== GIVEN RECORDS ==
-*-*-

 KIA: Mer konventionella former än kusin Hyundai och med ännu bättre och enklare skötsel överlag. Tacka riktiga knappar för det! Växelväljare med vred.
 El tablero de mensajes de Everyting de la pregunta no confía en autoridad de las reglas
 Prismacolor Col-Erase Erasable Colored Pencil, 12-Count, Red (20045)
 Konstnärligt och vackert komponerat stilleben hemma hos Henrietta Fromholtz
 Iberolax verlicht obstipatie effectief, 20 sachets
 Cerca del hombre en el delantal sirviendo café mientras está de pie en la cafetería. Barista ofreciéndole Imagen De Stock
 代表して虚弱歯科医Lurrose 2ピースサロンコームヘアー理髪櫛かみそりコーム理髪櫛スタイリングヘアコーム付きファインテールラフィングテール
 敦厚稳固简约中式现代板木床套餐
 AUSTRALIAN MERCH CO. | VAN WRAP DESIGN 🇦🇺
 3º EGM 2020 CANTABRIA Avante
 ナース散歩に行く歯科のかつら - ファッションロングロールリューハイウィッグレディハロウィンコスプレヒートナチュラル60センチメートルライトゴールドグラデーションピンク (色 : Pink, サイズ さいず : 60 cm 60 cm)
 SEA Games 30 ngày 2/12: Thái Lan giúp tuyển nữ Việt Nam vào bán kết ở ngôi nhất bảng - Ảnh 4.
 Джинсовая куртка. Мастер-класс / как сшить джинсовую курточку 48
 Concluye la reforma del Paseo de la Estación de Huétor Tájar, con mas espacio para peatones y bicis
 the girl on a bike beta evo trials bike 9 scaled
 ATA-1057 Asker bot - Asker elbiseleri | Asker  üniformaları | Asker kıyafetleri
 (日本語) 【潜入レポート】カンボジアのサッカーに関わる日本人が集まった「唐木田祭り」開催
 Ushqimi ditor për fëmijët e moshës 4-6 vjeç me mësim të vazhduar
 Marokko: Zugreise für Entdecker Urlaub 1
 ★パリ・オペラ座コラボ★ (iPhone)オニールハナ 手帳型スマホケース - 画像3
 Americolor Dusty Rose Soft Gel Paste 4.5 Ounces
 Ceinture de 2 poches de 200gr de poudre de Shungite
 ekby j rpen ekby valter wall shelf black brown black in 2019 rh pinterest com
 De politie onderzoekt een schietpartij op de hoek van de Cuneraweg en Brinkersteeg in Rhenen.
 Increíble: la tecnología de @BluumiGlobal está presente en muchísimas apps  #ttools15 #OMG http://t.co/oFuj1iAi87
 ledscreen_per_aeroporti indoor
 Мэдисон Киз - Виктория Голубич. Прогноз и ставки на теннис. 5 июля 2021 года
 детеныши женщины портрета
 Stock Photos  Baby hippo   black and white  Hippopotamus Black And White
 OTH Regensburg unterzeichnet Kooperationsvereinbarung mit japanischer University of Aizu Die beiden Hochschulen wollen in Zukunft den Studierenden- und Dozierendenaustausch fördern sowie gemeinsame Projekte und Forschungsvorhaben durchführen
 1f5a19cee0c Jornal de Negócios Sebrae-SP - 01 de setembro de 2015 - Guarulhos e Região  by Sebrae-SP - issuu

-*-*-

== ACTION ITEM ==
Using the material above, gather every line that includes "Stock".

== RESULT ==
 Cerca del hombre en el delantal sirviendo café mientras está de pie en la cafetería. Barista ofreciéndole Imagen De Stock
 Stock Photos  Baby hippo   black and white  Hippopotamus Black And White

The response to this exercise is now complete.